Spaceship Titanic - Introduction to Bayesian Models - Part 2
Part 2: Initial Modelling
Welcome to Part 2 of my Introduction to Bayesian Models series.
Before I begin building the model, recall the three insights we found in Part 1:
Passengers from Age 0-17 were more likely to be transported.
Non-VIP passengers were more likely to be transported.
Passengers with a Home Planet of Europa were more likely to be transported.
I’m sure this is a small subset of the available insights of our data, but I don’t want to make the model too complicated before even starting so we will stick with implementing these three factors in Part 2.
Starting with Stan
Stan is a probabilistic programming language for statistical inference. To write a Stan model, I will create a .stan file using the Stan programming language, and then compile and run this model in R using the rstan package.
I will first show the basic Stan code for the model, and explain each of the blocks:
data
This section declares all of the data that will be used in the model.
This is data that needs to be provided by the user to run a Stan model.
I will be using an N x K design matrix that has N distinct observations, and K predictive variables.
parameters
This section defines all of the unknown parameters in your model that Stan will estimate using the data.
In our model, we will be estimating the \(\beta\) coefficients which are the corresponding linear effects of each of the K predictor variables.
model
This section will define the statistical model (using a log-likelihood function), prior distributions, and provide the mathematical link between your parameters and observed data.

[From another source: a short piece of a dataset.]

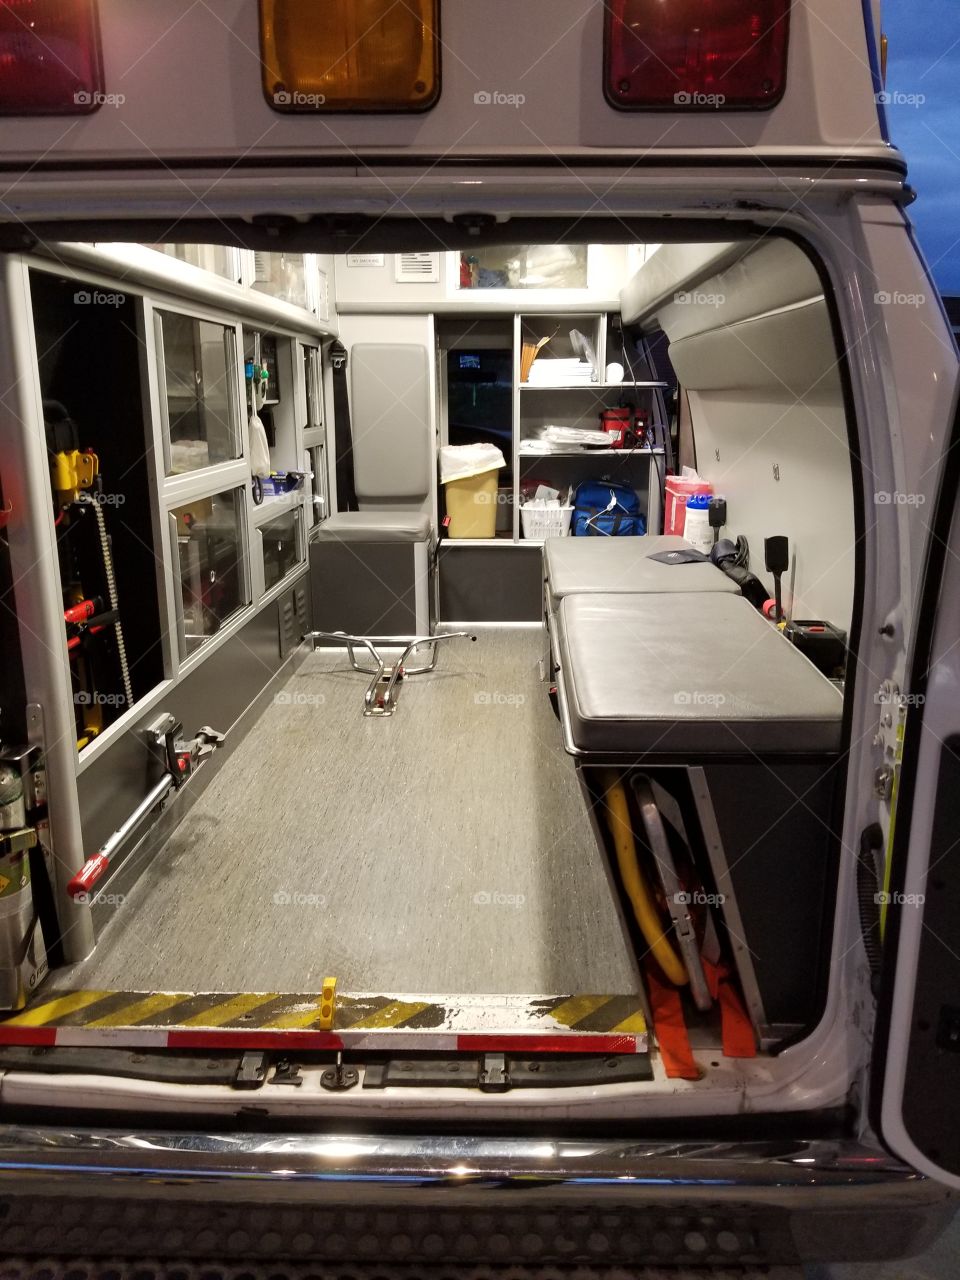 Cleaning up the back of the ambulance I work on!
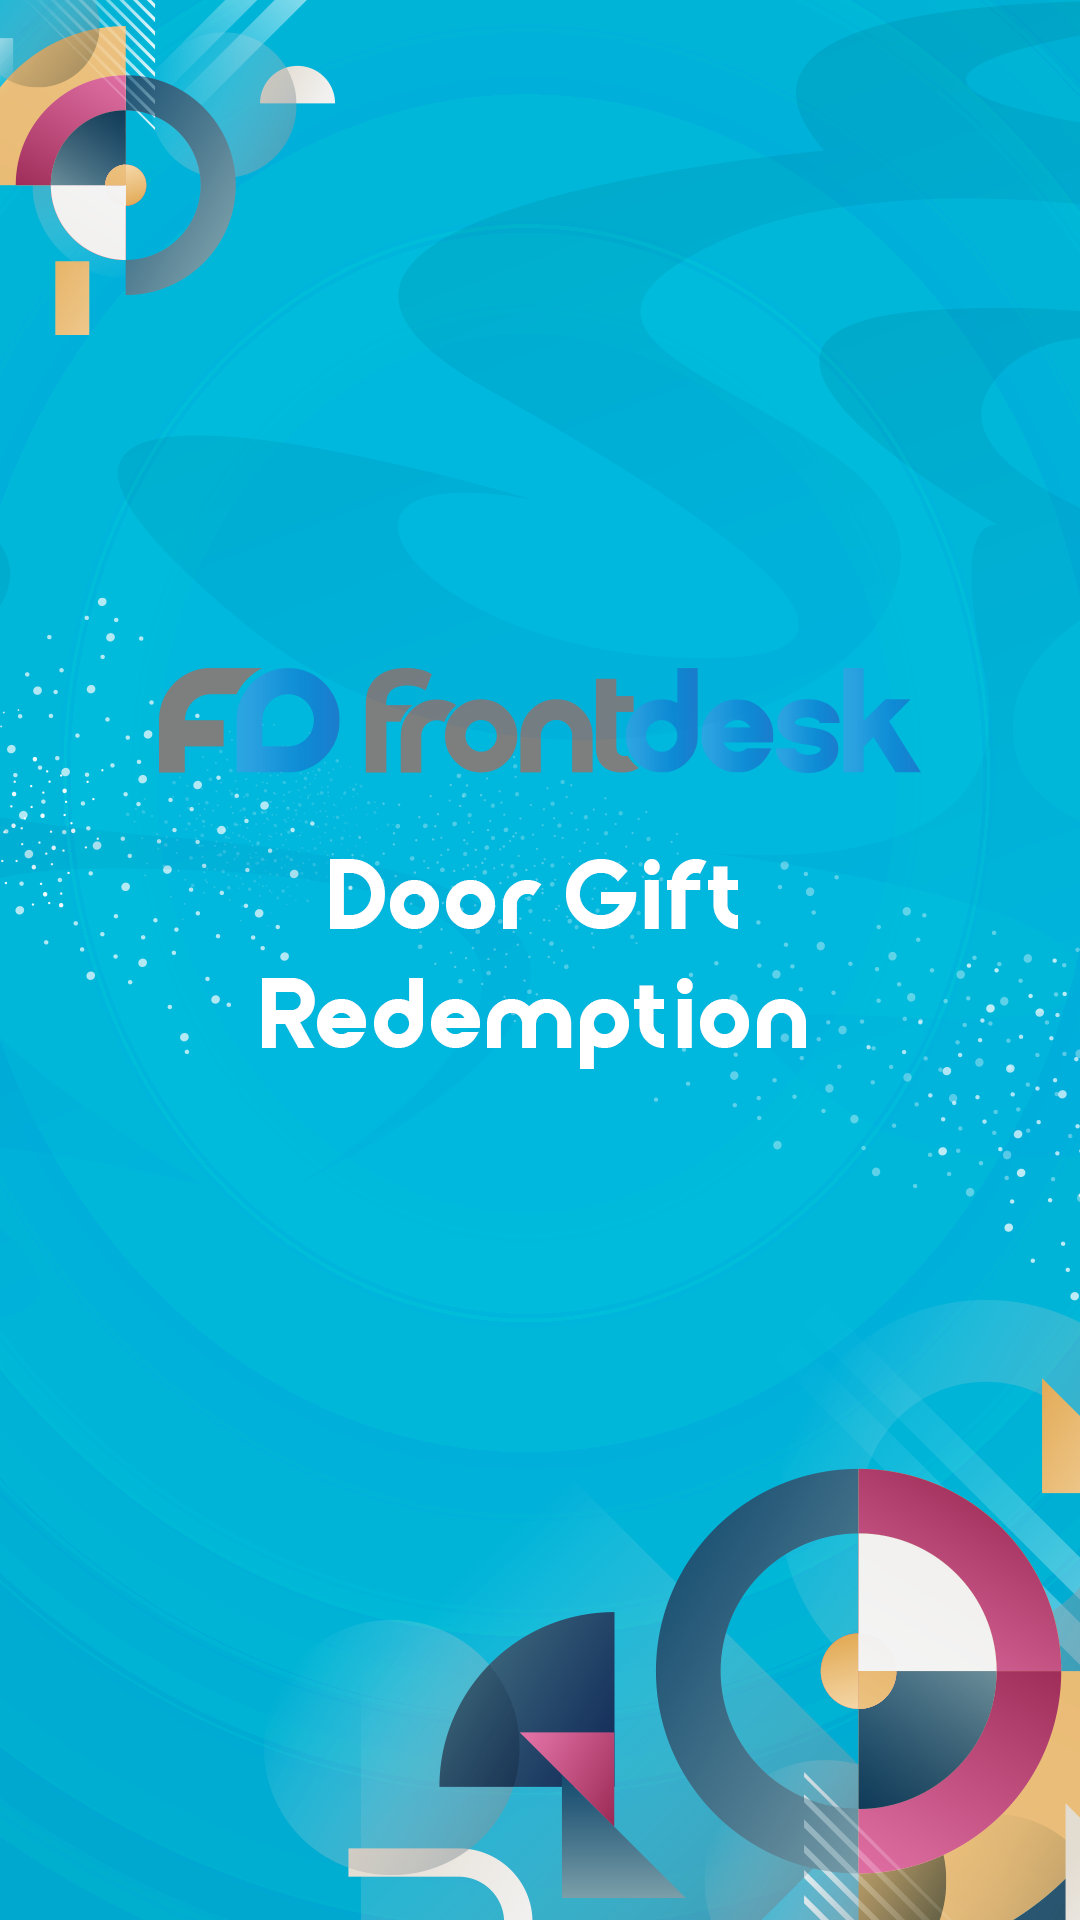 The image depicts an event technology kiosk specifically designed for door gift redemption. The kiosk serves as a self-service station where event attendees can claim their door gifts or giveaways. It showcases a user-friendly interface with options for attendees to input their information or scan their event badges to initiate the redemption process. The kiosk may include a display area where attendees can view available gift options and make their selections. Friendly instructions and guidance are provided on the kiosk screen to ensure a smooth and efficient redemption experience.

In Part 1 I decided to use a logistic regression. This distribution is implemented in Stan using the
bernoulli_logit(...)function.Note that Age is a continuous variable, so unless we make any modification to the predictive variable or the model structure, it will be modeled as a linear effect which we saw previously may not be completely accurate. We can still run the model without making any changes and see what the output tells us.
generated quantities
- After running a Stan model and having some fitted posterior distributions from the data, you may want to sample from these distributions (or even from some algebraically manipulated variation of the distributions). Sampling can be set up in the
generated quantitiesblock.
Handling Missing Values
It turns out there are some missing values in the Age, VIP, and HomePlanet fields.
The easiest way to handle missing values is to impute them using the mice package in R.
Imputation helps us fill in these gaps with plausible values, ensuring that our analysis can proceed without dropping entire rows or columns which might lead to loss of valuable information.
mice stands for Multivariate Imputation by Chained Equations, a technique that provides a more nuanced approach than simply filling in the missing entries with average values. You could think of it as an iterative regression on the NA values using the non-NA values for that observation.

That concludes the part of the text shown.